Write all of the entries out again exactly, but not the images.
BEGIN Records for the exercise
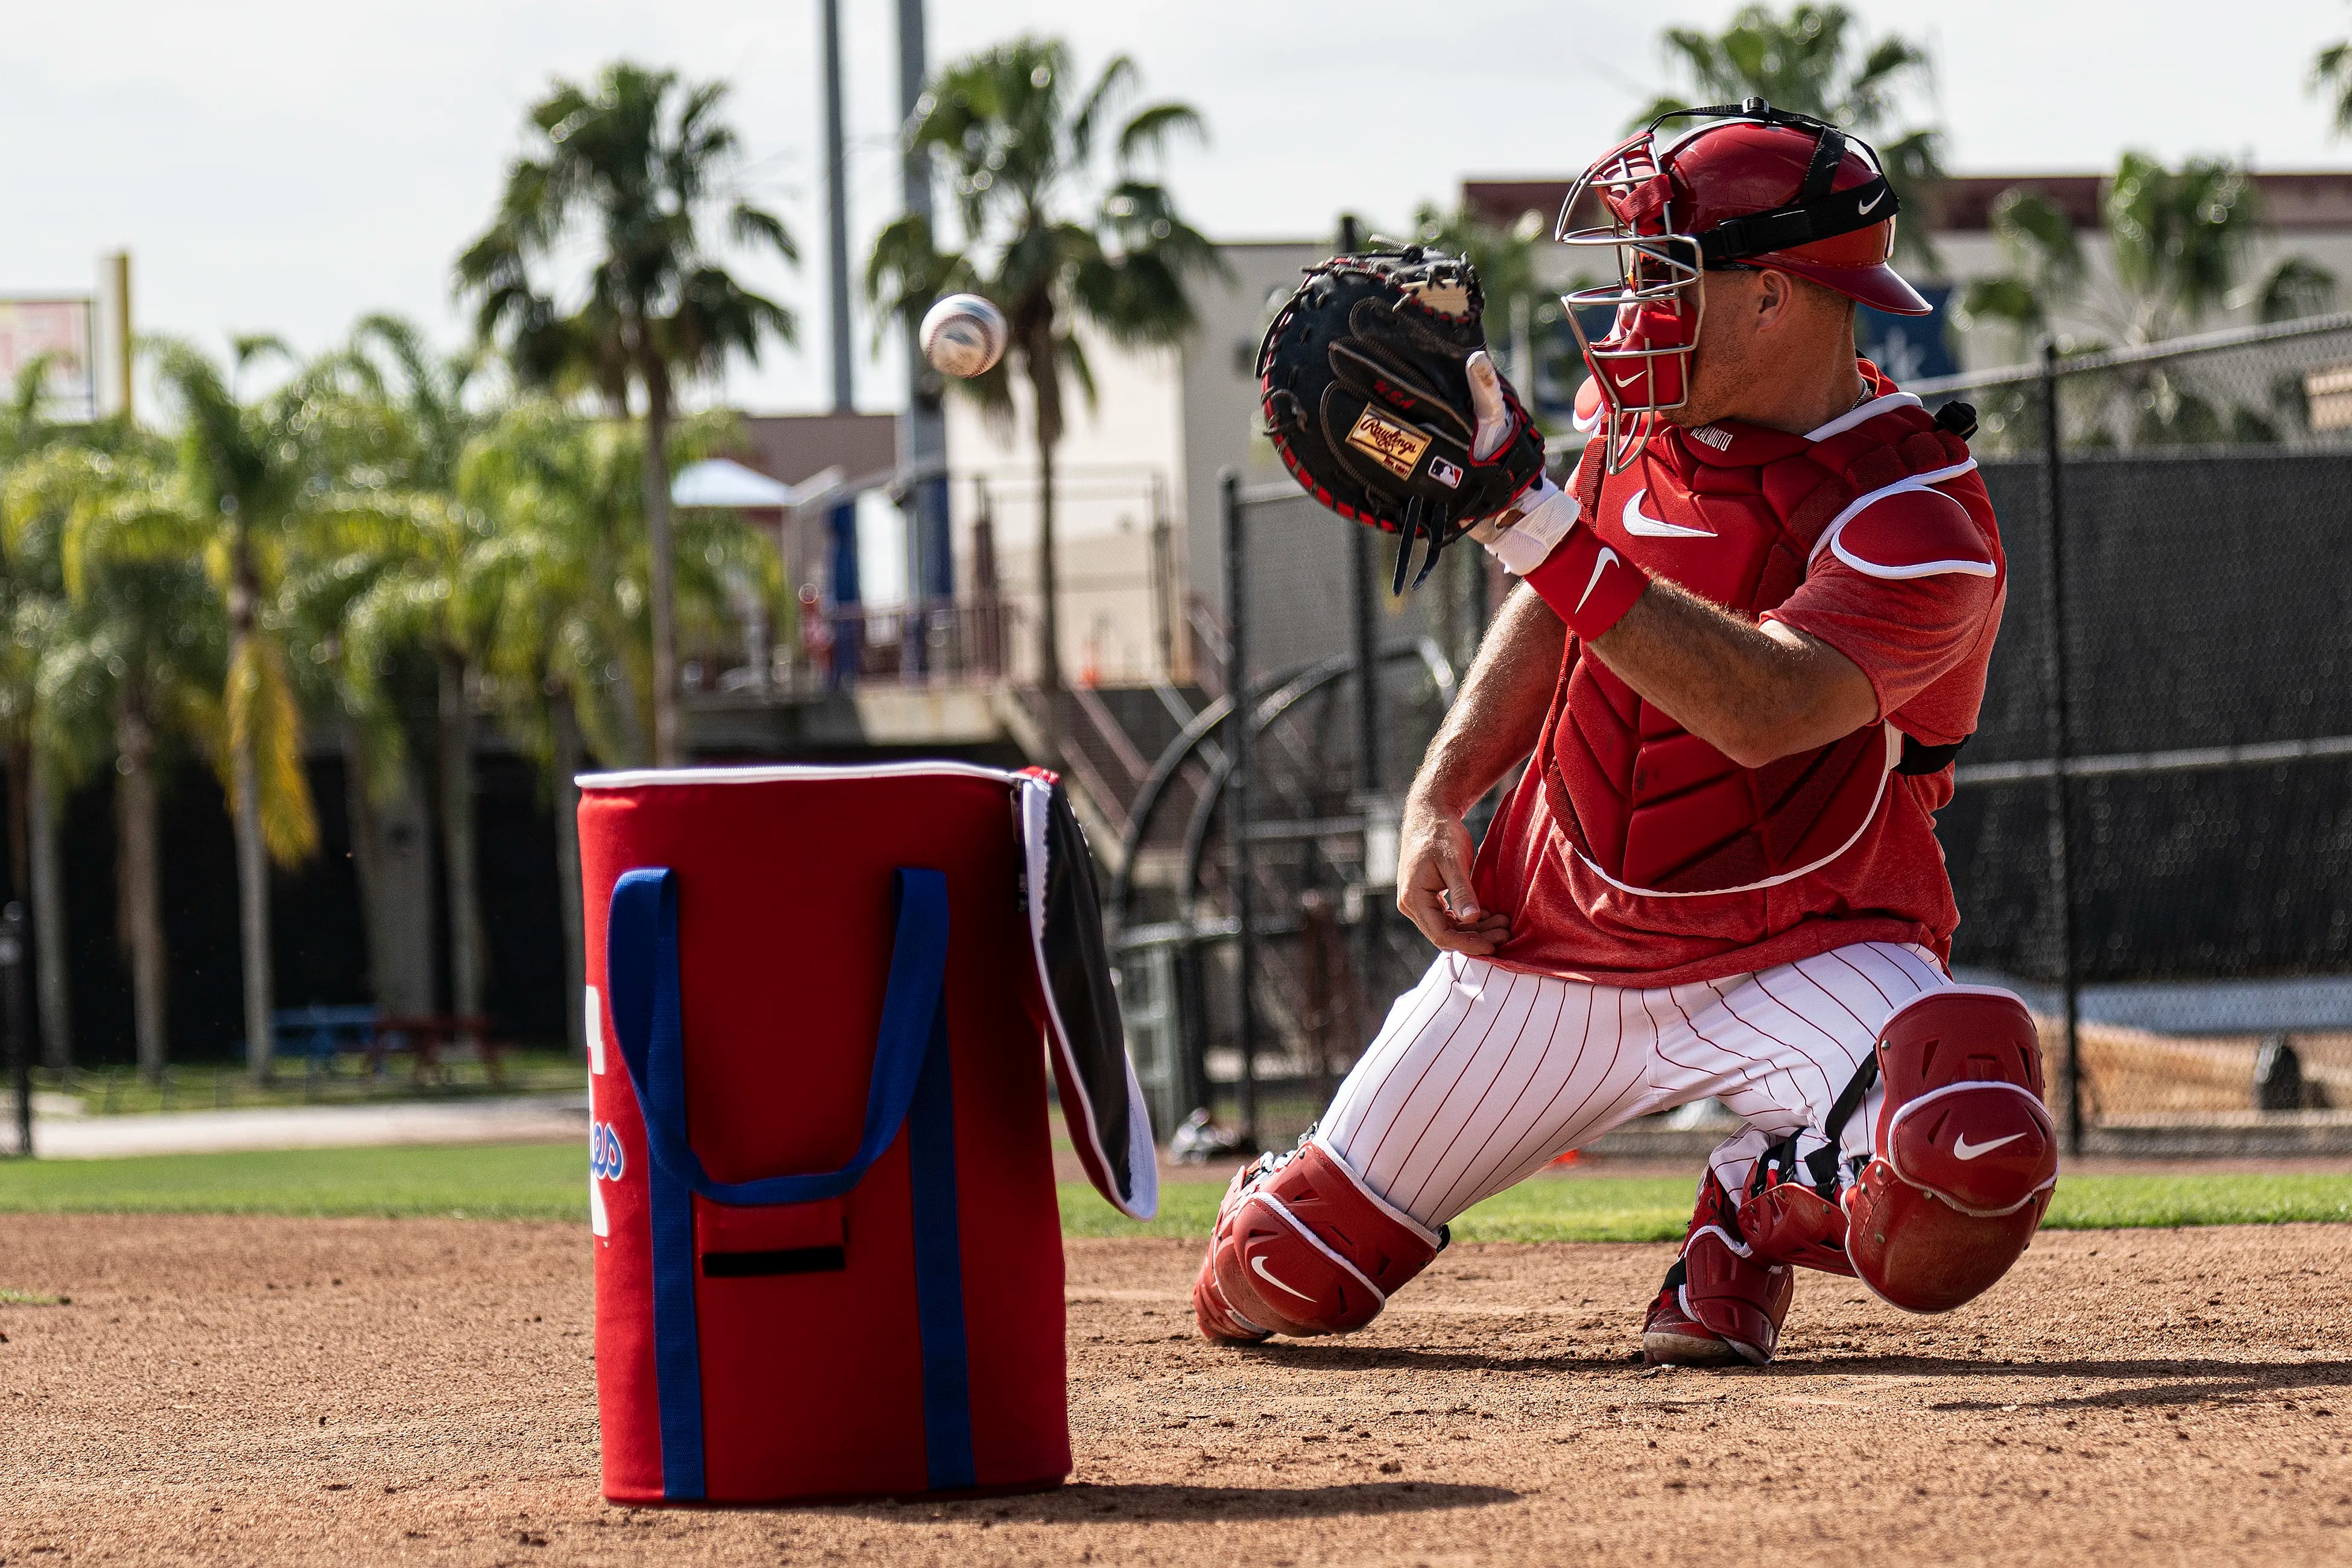 See photos from Sunday's Phillies spring training workout
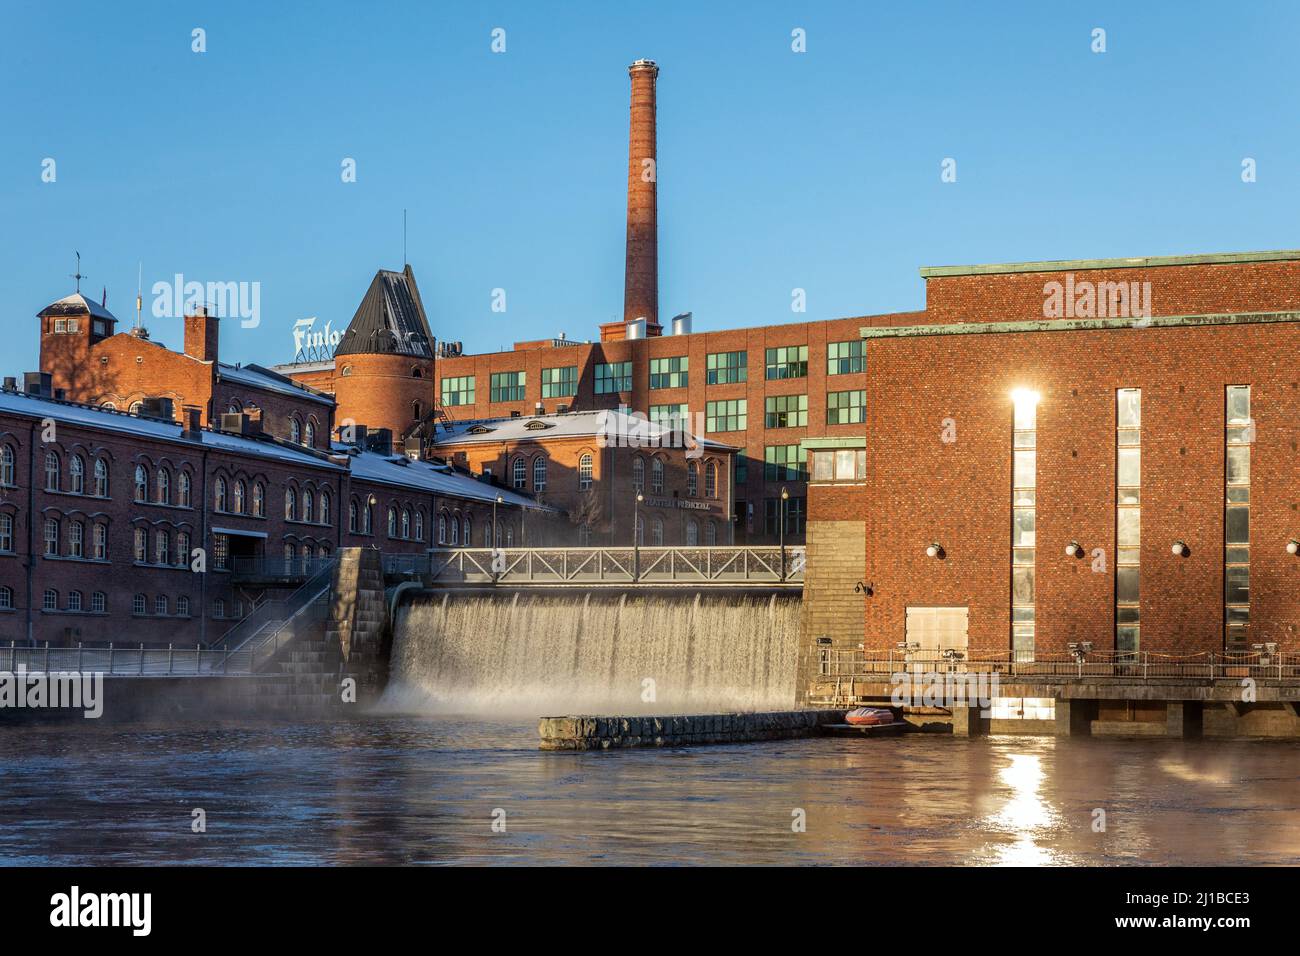 THE WALK OF LOVE LOCKS, TAMMERKOSKI FALLS WITH ITS HYDROELECTRIC PLANT AND THE FRENCKELL THEATER, TAMPERE, FINLAND, EUROPE Stock Photo
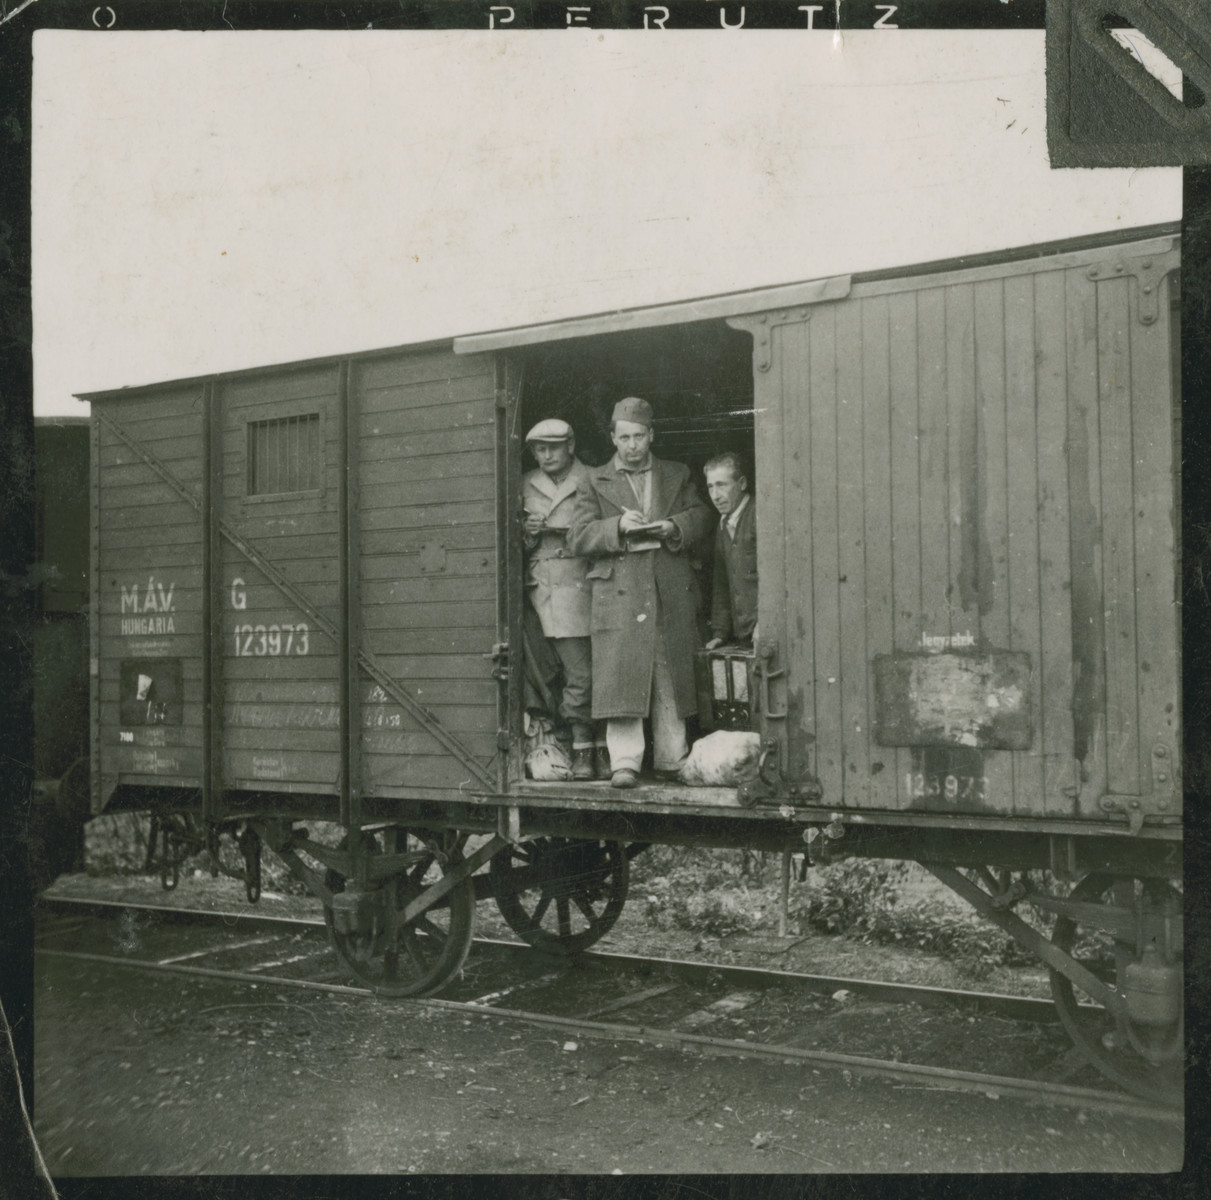 Hungarian Jews stand by the open door of a cattle car while awaiting deportation to a forced labor battalion.

Among those pictured is Imre Winkler.
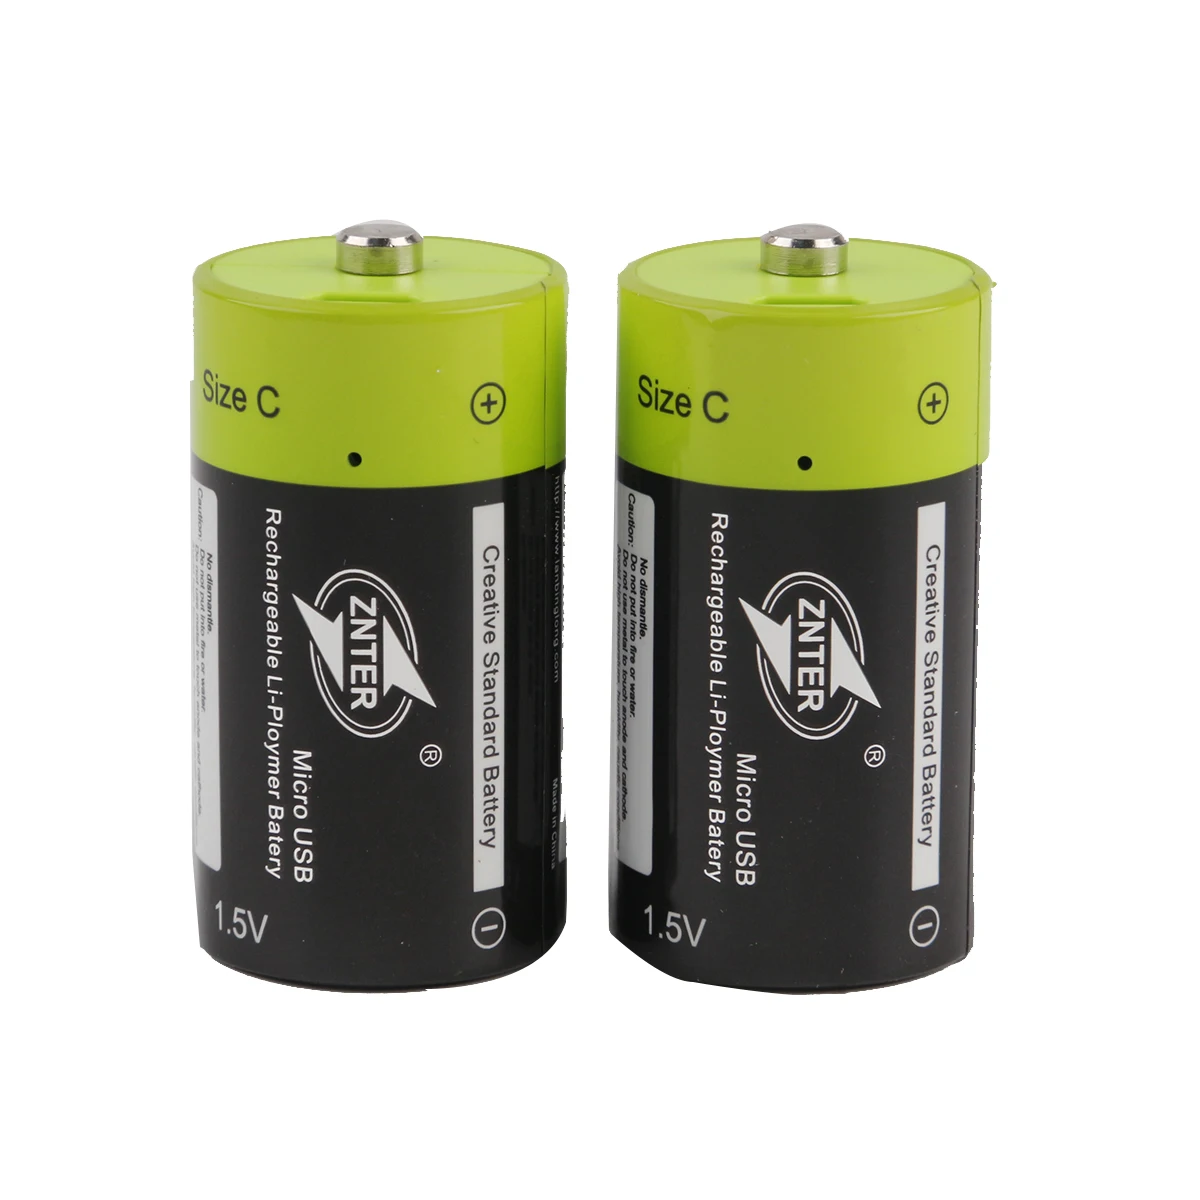 

2PCS 1.5V 3000mAh Universal Micro USB Charging Batteries Rechargeable Battery Size C Charged Lipo Lithium Polymer Batteria 5V 2A
END Records for the exercise
### Solution to this task
 See photos from Sunday's Phillies spring training workout
 THE WALK OF LOVE LOCKS, TAMMERKOSKI FALLS WITH ITS HYDROELECTRIC PLANT AND THE FRENCKELL THEATER, TAMPERE, FINLAND, EUROPE Stock Photo
 Hungarian Jews stand by the open door of a cattle car while awaiting deportation to a forced labor battalion.

Among those pictured is Imre Winkler.

2PCS 1.5V 3000mAh Universal Micro USB Charging Batteries Rechargeable Battery Size C Charged Lipo Lithium Polymer Batteria 5V 2A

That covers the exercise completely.